WORK ORDER: Word for word, retype the lines from the one containing "violet color crayon" to the last line of the data below, both ends included.

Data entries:
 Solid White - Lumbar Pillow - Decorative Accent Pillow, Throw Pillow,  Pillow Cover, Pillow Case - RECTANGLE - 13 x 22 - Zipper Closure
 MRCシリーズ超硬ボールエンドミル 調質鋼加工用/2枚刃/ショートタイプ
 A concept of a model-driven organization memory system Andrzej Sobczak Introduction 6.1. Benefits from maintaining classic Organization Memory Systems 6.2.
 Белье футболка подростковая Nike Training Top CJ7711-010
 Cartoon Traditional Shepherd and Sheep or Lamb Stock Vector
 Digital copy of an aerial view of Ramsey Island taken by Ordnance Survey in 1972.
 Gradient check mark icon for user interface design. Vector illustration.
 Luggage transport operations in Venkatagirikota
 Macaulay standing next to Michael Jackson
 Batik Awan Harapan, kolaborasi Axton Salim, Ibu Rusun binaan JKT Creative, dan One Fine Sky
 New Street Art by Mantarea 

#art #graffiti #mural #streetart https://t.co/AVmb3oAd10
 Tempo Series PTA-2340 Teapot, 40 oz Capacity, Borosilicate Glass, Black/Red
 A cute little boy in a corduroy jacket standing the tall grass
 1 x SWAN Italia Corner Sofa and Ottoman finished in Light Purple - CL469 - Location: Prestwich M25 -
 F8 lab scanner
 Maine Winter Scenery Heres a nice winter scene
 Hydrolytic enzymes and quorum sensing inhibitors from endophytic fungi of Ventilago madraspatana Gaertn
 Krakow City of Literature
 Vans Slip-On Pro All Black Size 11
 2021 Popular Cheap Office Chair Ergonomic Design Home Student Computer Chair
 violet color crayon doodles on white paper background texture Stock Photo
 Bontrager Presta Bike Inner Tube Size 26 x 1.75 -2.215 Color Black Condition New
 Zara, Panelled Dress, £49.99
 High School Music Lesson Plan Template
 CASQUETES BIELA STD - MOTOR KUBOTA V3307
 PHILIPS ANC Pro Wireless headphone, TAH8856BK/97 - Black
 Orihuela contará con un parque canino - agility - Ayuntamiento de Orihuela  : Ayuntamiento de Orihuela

RESULT OF THE TASK:
 violet color crayon doodles on white paper background texture Stock Photo
 Bontrager Presta Bike Inner Tube Size 26 x 1.75 -2.215 Color Black Condition New
 Zara, Panelled Dress, £49.99
 High School Music Lesson Plan Template
 CASQUETES BIELA STD - MOTOR KUBOTA V3307
 PHILIPS ANC Pro Wireless headphone, TAH8856BK/97 - Black
 Orihuela contará con un parque canino - agility - Ayuntamiento de Orihuela  : Ayuntamiento de Orihuela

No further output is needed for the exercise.